Meantime, government riot police stood ready to open a mine in the Silesian town of Jastrzebie in order to permit safety crews to combat an underground fire and relieve accumulations of methane gas. After vowing to keep the troops from entering, several hundred militant strikers backed down.

In countries as diverse as Poland, Czechoslovakia and Hungary, the new young activists are markedly different from the generation that manned the rebellious barricades in Prague in 1968 -- and even from the veterans of Solidarity's struggle in 1980. "The young today diverge very strongly from my generation," says Jacek Szymanderski, 43, a Polish historian and formerly a leading figure in Solidarity. "They are more sophisticated politically but less experienced. Their demands are more ambitious, but they are also perhaps more cynical. Most especially, they are deeply aware of human rights." In addition, they are the first generation of protesters to come of age when a Soviet leader supports at least a limited degree of reform instead of schemes to crush it.

In Prague too last week, young people made up most of the 10,000 demonstrators who spontaneously joined a march to the city's Old Town Square on the 20th anniversary of the Soviet-led Warsaw Pact invasion that crushed Czechoslovakia's reformist Prague Spring. Chanting "We want freedom!" and "Russians, go home!," the crowd surged toward the ancient royal castle now housing the offices of the President, but were halted by the police. Later, hundreds of riot police, equipped with tear gas and aided by attack dogs, charged a hard core of demonstrators, beating some of them and bundling more than 70 into vans.

It was an extraordinary display of defiance for Czechoslovakia, where a cautious populace has not dared to mount a demonstration against the government of even one-tenth that size since staging enormous protests the year following the 1968 crackdown.
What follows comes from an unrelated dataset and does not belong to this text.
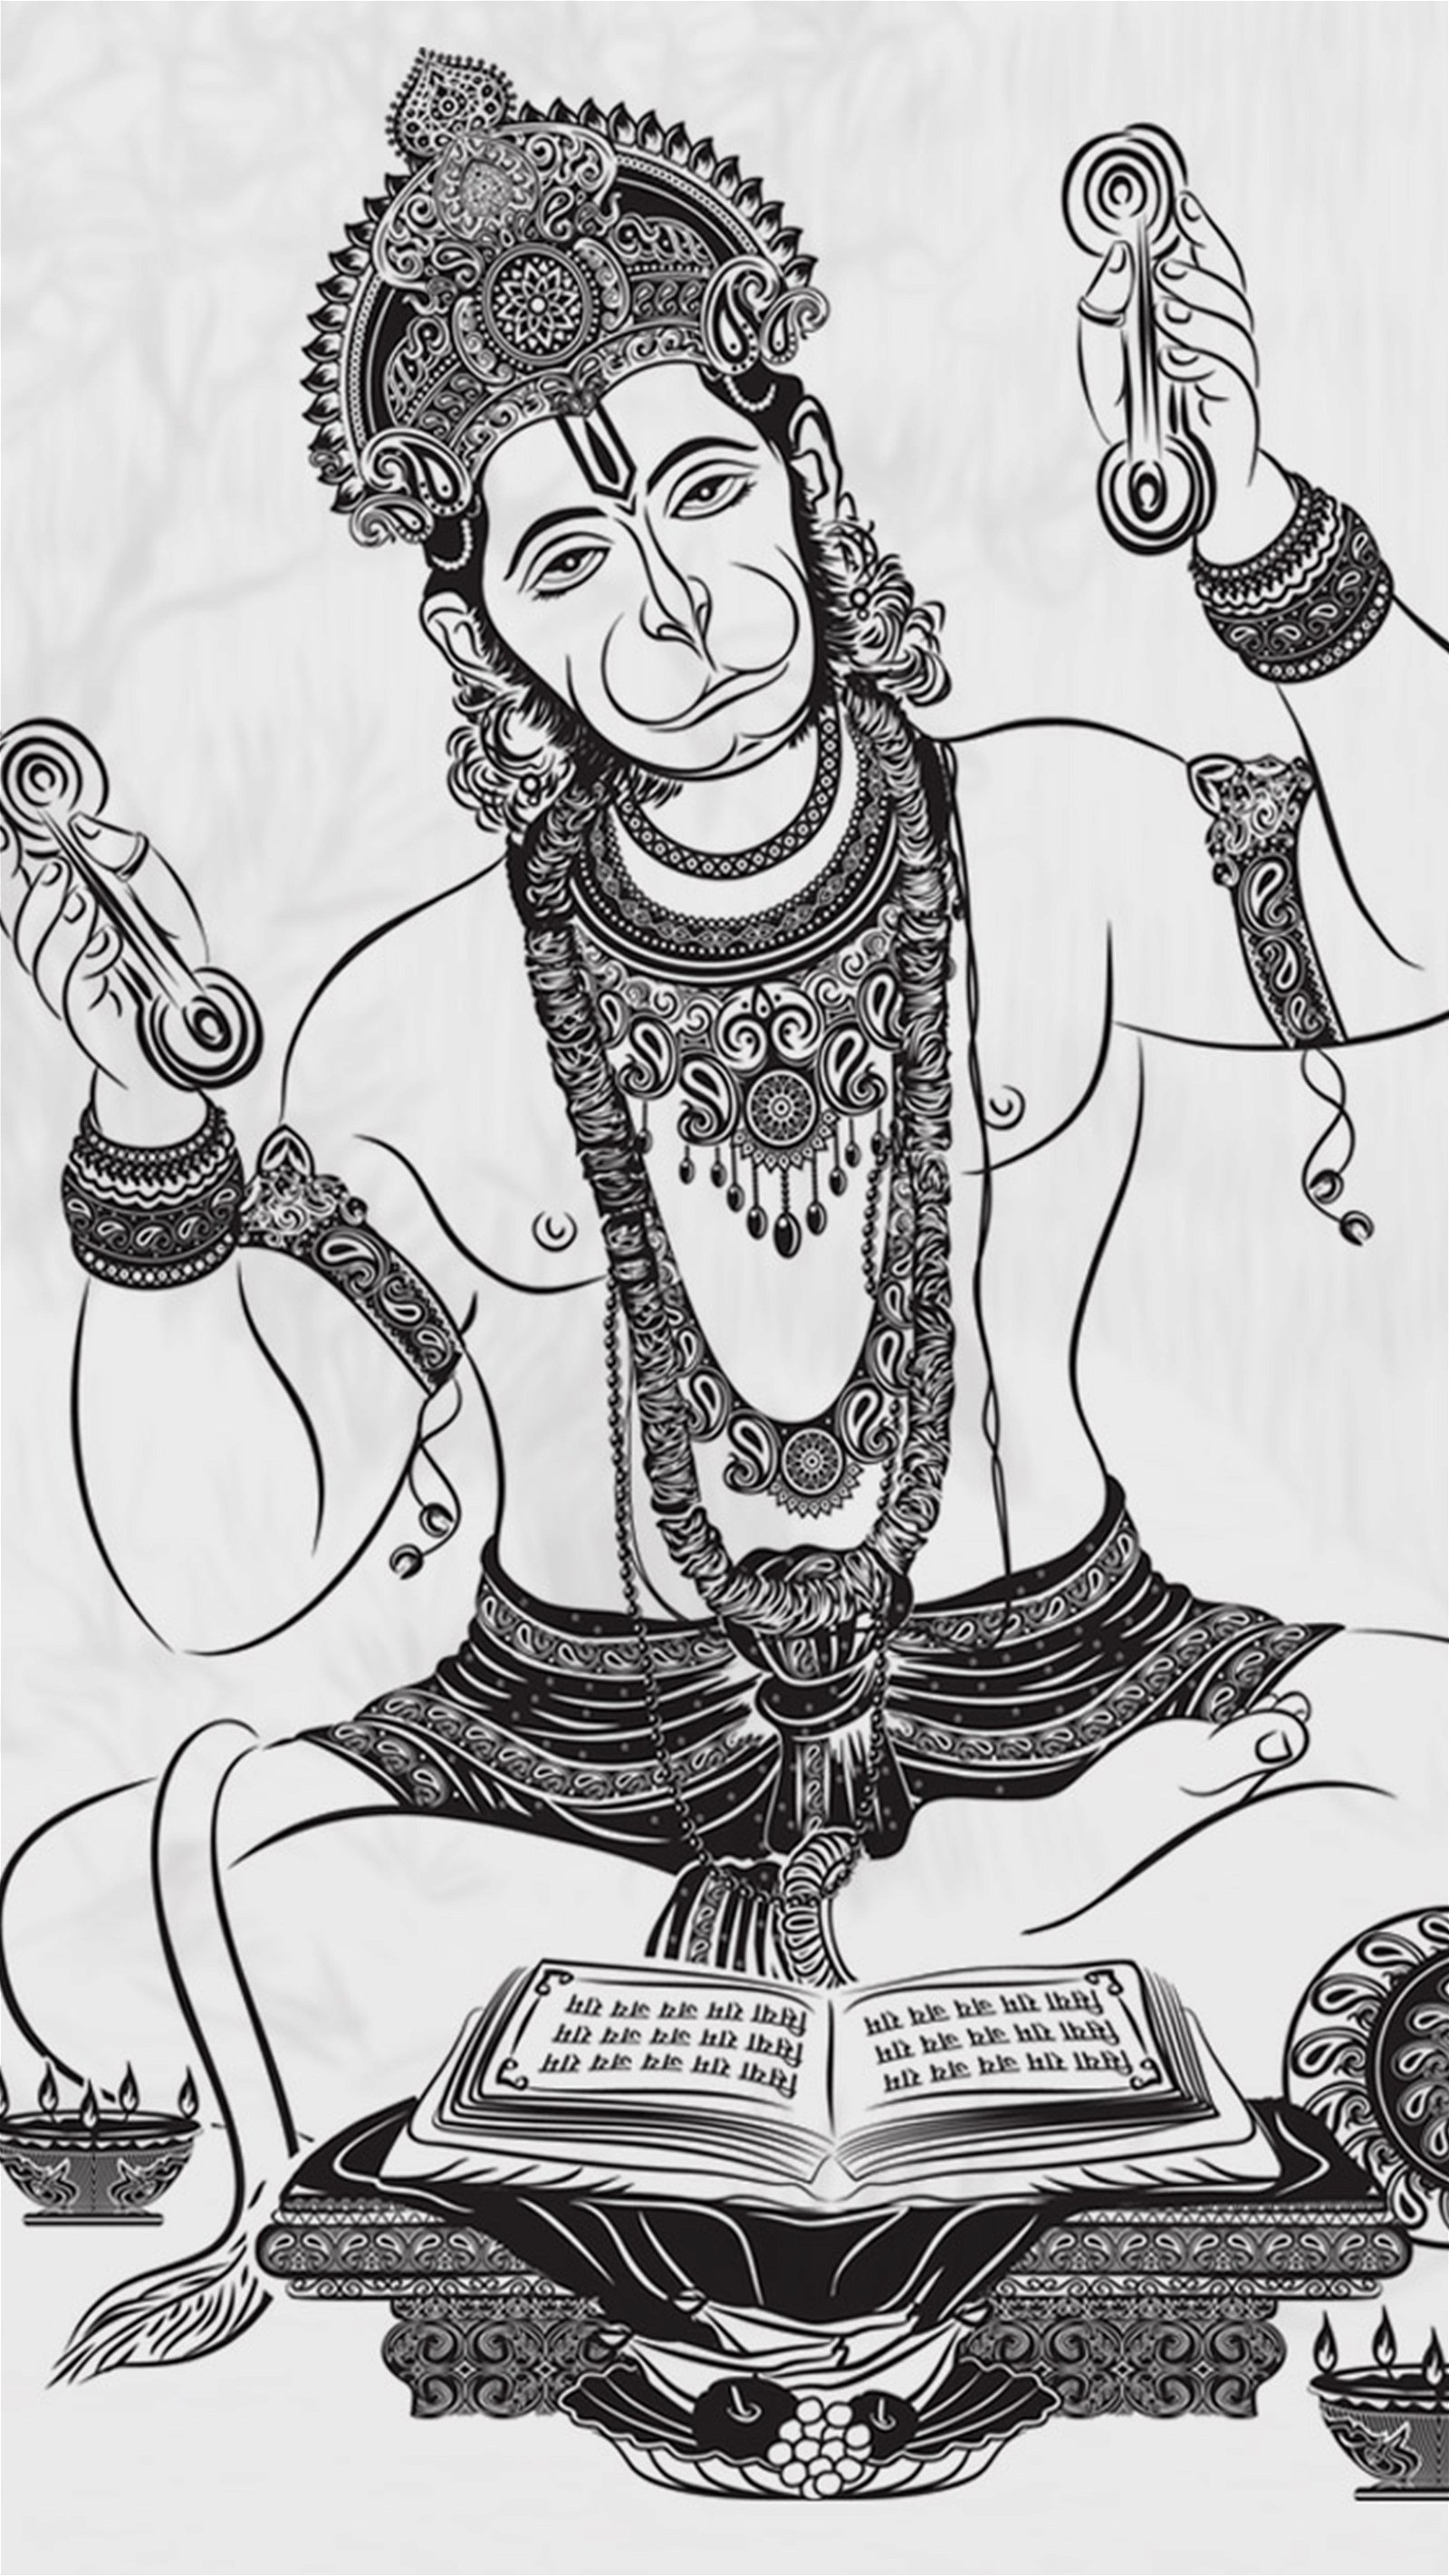 How to draw Hanuman ji sketch | Lord hanuman ji drawing 🙏❤ - YouTube-sonxechinhhang.vn

The numbers and fearlessness of the young demonstrators surprised the Prague regime, which has relied on a combination of factors -- relative abundance of food, fear of losing a job, apathy -- to keep discontent in check.

In the past year, hundreds of thousands of youthful Czechs and Slovaks have signaled their discontent by openly supporting the Roman Catholic Church. In particular, they back Prague's outspoken Frantisek Cardinal Tomasek, 89, who attacks the regime for its antireligious harassment and urges the faithful to stand up for their rights, religious and secular.

Even in Hungary, where Party Leader Karoly Grosz has endorsed the most aggressive economic and political reform policies in the Soviet bloc, discontent flared last week. In a protest apparently not coordinated with Poland's unrest, a total of 450 miners at two mines near Pecs launched the first strike to be officially acknowledged in Hungary in more than 30 years. The miners demanded pay hikes to compensate for new taxes, which absorb up to 60% of their salaries. The government swiftly ended the solitary strike by agreeing to roll back new income taxes on all bonuses.

In Moscow, meantime, the Soviet leadership was dramatically reminded last week of the discontent of the three Soviet Baltic republics, Lithuania, Latvia and Estonia, which were independent between the two world wars. In an unusual concession to local nationalist sentiments, officials permitted rallies marking the 49th anniversary of the signing of the Hitler-Stalin nonaggression pact, which contained a secret protocol that paved the way for the Soviet annexation of the Baltic states. Tens of thousands poured into cities along the Baltic coast to denounce the pact and thereby protest Soviet domination.

In the immediate future, though, the Poles' bitter despair and virulent anti-Communism -- as expressed in the national revulsion for the Jaruzelski regime -- pose a more serious threat to the stability of the Soviet bloc. Although the regime may succeed in suppressing the latest outbreak of strikes, it will be winning only a skirmish, not the war. Unless the authorities can manage to come to terms with their opponents, the next round of unrest, when it comes, is likely to be more serious, fueled again by a generation of angry young people who are more desperate and have less to lose than their parents did.